Use shared code where possible

2025-08-12 04:50:39 +00:00 · 2025-01-24 22:30:53 -08:00 · 2025-01-24 22:30:53 -08:00 · 29ae2552fd
commit 29ae2552fd
parent 25c780802f
2 changed files with 220 additions and 146 deletions
--- a/llama_stack/providers/inline/inference/vllm/openai_utils.py
+++ b/llama_stack/providers/inline/inference/vllm/openai_utils.py
@ -0,0 +1,186 @@
+# Copyright (c) Meta Platforms, Inc. and affiliates.
+# All rights reserved.
+#
+# This source code is licensed under the terms described in the LICENSE file in
+# the root directory of this source tree.
+
+from typing import List, Optional
+
+import vllm
+
+from llama_models.llama3.api.datatypes import BuiltinTool, ToolDefinition
+
+from llama_stack.apis.inference import (
+    ChatCompletionRequest,
+    GrammarResponseFormat,
+    JsonSchemaResponseFormat,
+    Message,
+    ToolChoice,
+    UserMessage,
+)
+from llama_stack.providers.utils.inference.openai_compat import (
+    convert_message_to_openai_dict,
+    get_sampling_options,
+)
+
+
+###############################################################################
+# This file contains OpenAI compatibility code that is currently only used
+# by the inline vLLM connector. Some or all of this code may be moved to a
+# central location at a later date.
+
+
+def _merge_context_into_content(message: Message) -> Message:  # type: ignore
+    """
+    Merge the ``context`` field of a Llama Stack ``Message`` object into
+    the content field for compabilitiy with OpenAI-style APIs.
+
+    Generates a content string that emulates the current behavior
+    of ``llama_models.llama3.api.chat_format.encode_message()``.
+
+    :param message: Message that may include ``context`` field
+
+    :returns: A version of ``message`` with any context merged into the
+     ``content`` field.
+    """
+    if not isinstance(message, UserMessage):  # Separate type check for linter
+        return message
+    if message.context is None:
+        return message
+    return UserMessage(
+        role=message.role,
+        # Emumate llama_models.llama3.api.chat_format.encode_message()

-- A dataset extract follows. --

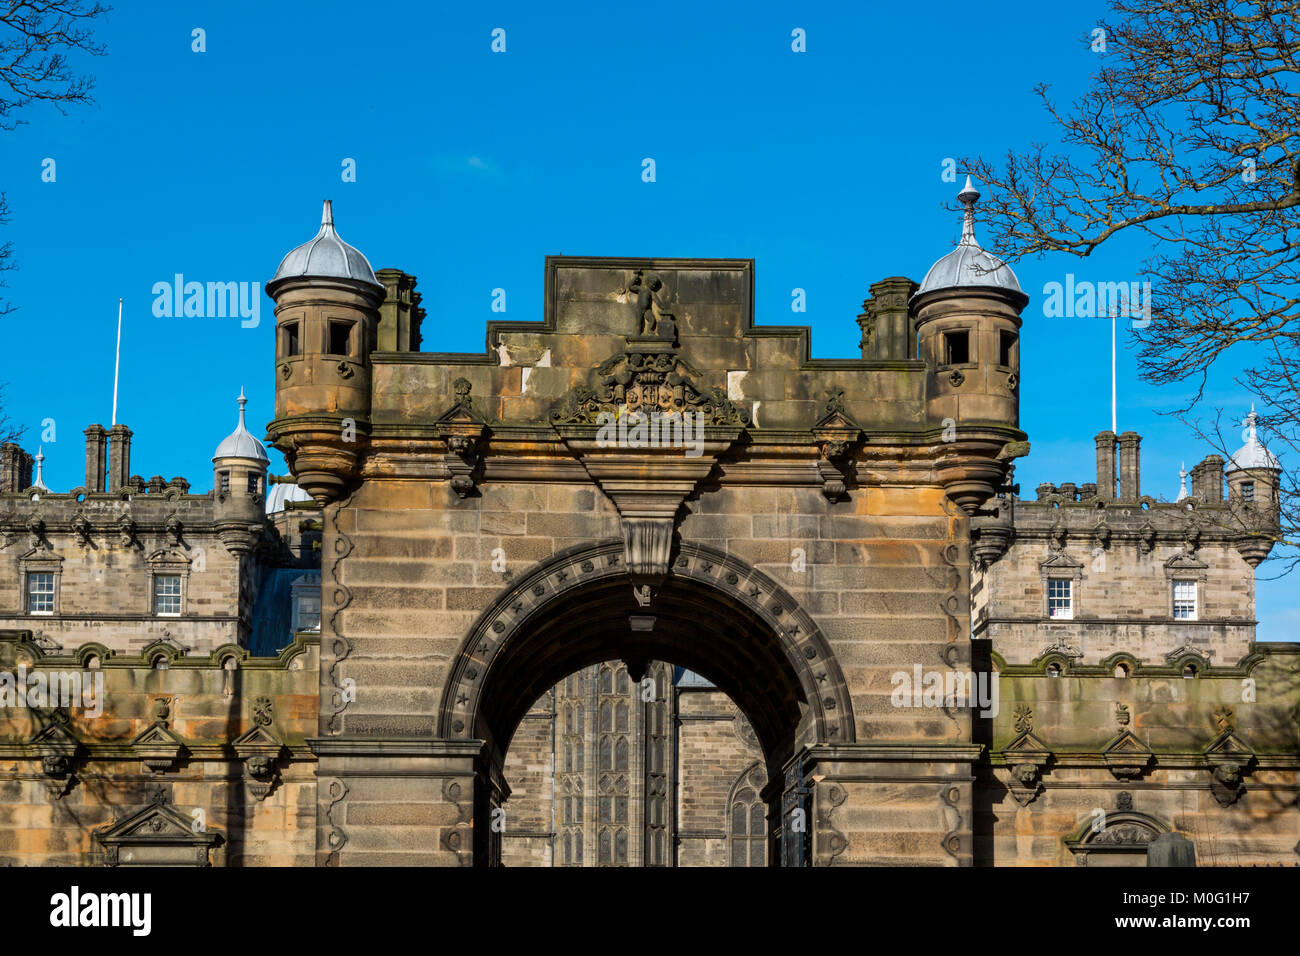 Palace of Holyroodhouse, Edinburgh, Scotland, United Kingdom Stock Photo
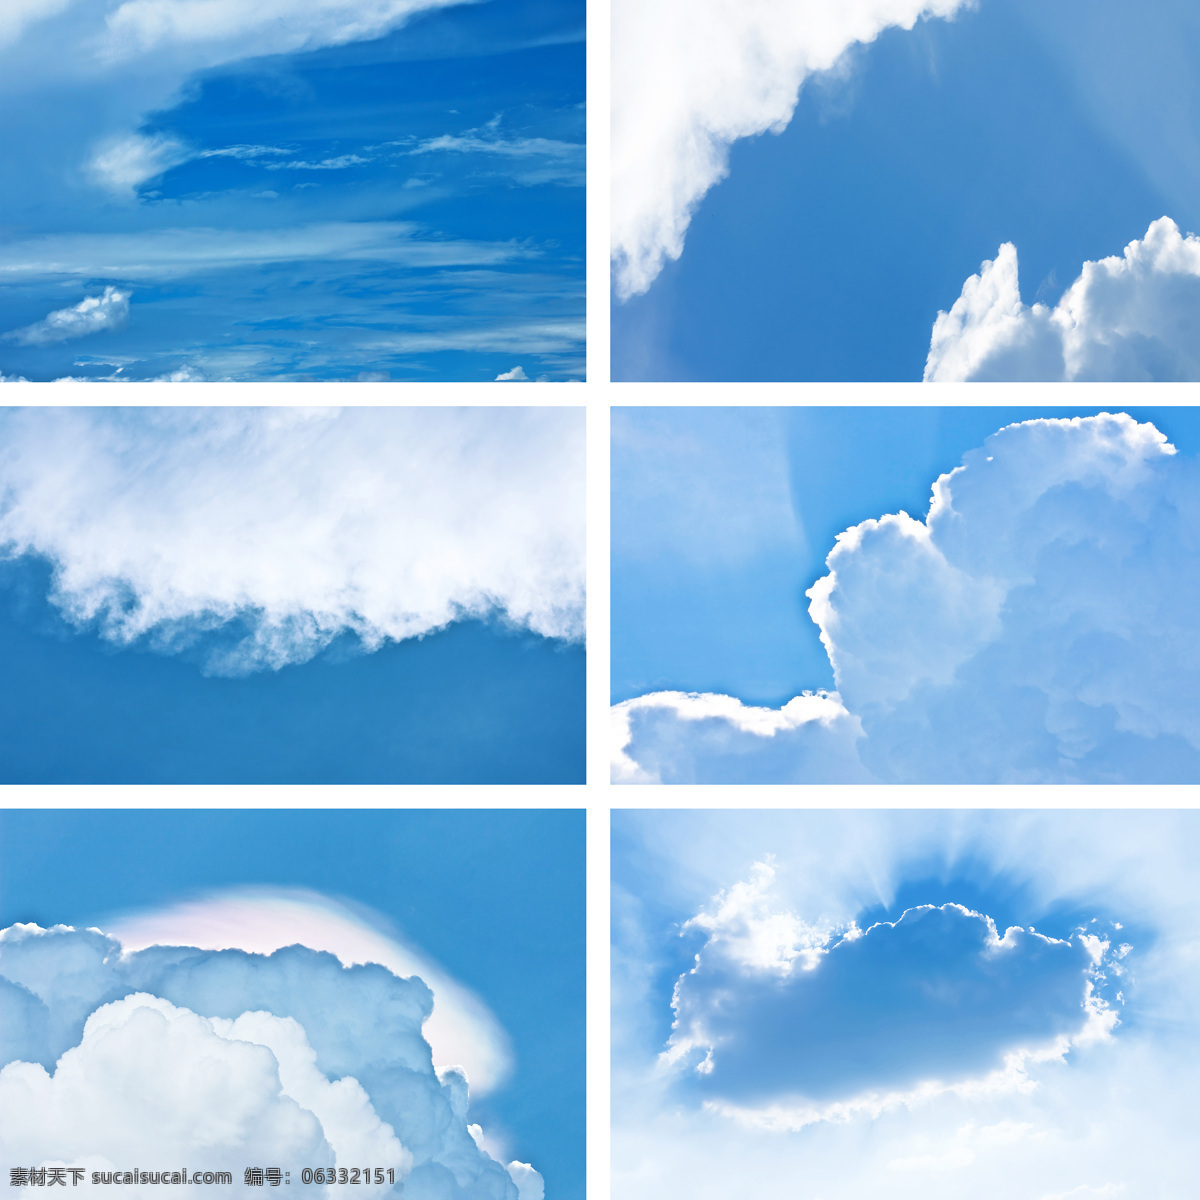 蓝天 白云 图片集 美景 自然风景 天空 蓝色 壮观 云层 阳光 天空云彩 蓝天白云 风景图片

+        content=message.content + "\n\n" + message.context,
+        context=None,
+    )
+
+
+def _llama_stack_tools_to_openai_tools(
+    tools: Optional[List[ToolDefinition]] = None,
+) -> List[vllm.entrypoints.openai.protocol.ChatCompletionToolsParam]:
+    """
+    Convert the list of available tools from Llama Stack's format to vLLM's
+    version of OpenAI's format.
+    """
+    if tools is None:
+        return []
+
+    result = []
+    for t in tools:
+        if isinstance(t.tool_name, BuiltinTool):
+            raise NotImplementedError("Built-in tools not yet implemented")
+        if t.parameters is None:
+            parameters = None
+        else:  # if t.parameters is not None
+            # Convert the "required" flags to a list of required params
+            required_params = [k for k, v in t.parameters.items() if v.required]
+            parameters = {
+                "type": "object",  # Mystery value that shows up in OpenAI docs
+                "properties": {
+                    k: {"type": v.param_type, "description": v.description}
+                    for k, v in t.parameters.items()
+                },
+                "required": required_params,
+            }
+
+        function_def = vllm.entrypoints.openai.protocol.FunctionDefinition(
+            name=t.tool_name, description=t.description, parameters=parameters
+        )
+
+        # Every tool definition is double-boxed in a ChatCompletionToolsParam
+        result.append(
+            vllm.entrypoints.openai.protocol.ChatCompletionToolsParam(
+                function=function_def
+            )
+        )
+    return result
+
+
+async def llama_stack_chat_completion_to_openai_chat_completion_dict(
+    request: ChatCompletionRequest,
+) -> dict:
+    """
+    Convert a chat completion request in Llama Stack format into an
+    equivalent set of arguments to pass to an OpenAI-compatible
+    chat completions API.
+
+    :param request: Bundled request parameters in Llama Stack format.
+
+    :returns: Dictionary of key-value pairs to use as an initializer
+     for a dataclass or to be converted directly to JSON and sent
+     over the wire.
+    """
+
+    converted_messages = [
+        # This mystery async call makes the parent function also be async
+        await convert_message_to_openai_dict(
+            _merge_context_into_content(m), download=True
+        )
+        for m in request.messages
+    ]
+    converted_tools = _llama_stack_tools_to_openai_tools(request.tools)
+
+    # Llama will try to use built-in tools with no tool catalog, so don't enable
+    # tool choice unless at least one tool is enabled.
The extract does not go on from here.